**Work order:** Filter the data for lines with the word "Bosch", then copy every line so identified.

**Source data:**
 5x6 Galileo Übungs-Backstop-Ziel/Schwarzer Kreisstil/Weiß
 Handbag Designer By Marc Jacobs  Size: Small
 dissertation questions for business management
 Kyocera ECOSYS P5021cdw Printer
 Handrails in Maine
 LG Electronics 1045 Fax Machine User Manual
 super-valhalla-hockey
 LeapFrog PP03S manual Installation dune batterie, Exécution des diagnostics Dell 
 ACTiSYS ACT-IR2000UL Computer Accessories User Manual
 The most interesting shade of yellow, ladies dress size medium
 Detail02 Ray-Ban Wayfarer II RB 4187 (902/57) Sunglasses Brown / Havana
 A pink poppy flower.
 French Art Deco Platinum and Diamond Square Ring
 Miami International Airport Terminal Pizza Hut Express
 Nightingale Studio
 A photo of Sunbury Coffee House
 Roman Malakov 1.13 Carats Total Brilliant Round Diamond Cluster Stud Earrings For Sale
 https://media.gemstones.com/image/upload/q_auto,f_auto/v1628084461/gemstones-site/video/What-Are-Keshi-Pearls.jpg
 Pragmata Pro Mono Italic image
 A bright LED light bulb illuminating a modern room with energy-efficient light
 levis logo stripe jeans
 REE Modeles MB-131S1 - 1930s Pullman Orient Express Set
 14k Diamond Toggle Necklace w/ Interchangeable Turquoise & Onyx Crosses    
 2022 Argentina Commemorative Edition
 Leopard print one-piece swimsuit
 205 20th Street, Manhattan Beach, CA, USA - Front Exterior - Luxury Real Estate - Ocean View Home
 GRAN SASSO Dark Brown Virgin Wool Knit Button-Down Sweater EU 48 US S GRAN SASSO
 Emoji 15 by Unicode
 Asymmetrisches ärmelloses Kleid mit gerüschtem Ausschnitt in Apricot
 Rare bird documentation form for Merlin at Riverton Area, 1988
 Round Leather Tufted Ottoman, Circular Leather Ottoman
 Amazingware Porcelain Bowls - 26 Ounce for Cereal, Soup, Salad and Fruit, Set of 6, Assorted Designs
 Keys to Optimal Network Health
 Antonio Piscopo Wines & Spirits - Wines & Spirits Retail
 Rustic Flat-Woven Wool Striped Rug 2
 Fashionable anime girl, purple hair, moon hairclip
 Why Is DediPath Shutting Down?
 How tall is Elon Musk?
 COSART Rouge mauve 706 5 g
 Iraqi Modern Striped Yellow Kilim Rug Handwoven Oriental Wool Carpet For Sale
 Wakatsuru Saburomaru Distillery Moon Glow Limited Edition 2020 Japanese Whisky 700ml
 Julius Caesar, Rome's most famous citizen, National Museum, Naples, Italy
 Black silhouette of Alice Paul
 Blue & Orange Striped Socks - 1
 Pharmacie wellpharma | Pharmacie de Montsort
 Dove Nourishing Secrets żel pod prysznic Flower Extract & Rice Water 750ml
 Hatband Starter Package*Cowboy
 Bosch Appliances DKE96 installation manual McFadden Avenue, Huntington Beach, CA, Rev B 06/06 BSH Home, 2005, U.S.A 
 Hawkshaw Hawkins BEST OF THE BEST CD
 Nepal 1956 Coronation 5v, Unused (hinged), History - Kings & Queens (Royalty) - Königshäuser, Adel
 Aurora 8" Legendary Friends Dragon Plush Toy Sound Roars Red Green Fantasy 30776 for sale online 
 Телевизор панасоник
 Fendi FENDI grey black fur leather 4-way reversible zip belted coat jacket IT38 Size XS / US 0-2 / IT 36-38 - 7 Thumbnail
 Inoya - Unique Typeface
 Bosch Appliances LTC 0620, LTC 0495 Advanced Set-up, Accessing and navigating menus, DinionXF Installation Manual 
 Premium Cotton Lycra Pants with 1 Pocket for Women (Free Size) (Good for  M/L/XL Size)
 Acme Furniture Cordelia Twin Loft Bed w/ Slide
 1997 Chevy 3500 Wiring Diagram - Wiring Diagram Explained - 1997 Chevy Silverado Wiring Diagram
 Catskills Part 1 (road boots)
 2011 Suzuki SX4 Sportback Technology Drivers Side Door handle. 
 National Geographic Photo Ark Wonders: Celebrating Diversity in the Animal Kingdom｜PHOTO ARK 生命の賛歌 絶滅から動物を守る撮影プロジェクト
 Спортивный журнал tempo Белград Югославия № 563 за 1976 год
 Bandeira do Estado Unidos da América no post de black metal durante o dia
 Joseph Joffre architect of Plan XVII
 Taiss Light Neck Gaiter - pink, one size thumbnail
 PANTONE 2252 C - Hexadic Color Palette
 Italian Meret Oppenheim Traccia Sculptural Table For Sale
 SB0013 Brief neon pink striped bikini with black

**Worked solution:**
 Bosch Appliances DKE96 installation manual McFadden Avenue, Huntington Beach, CA, Rev B 06/06 BSH Home, 2005, U.S.A 
 Bosch Appliances LTC 0620, LTC 0495 Advanced Set-up, Accessing and navigating menus, DinionXF Installation Manual 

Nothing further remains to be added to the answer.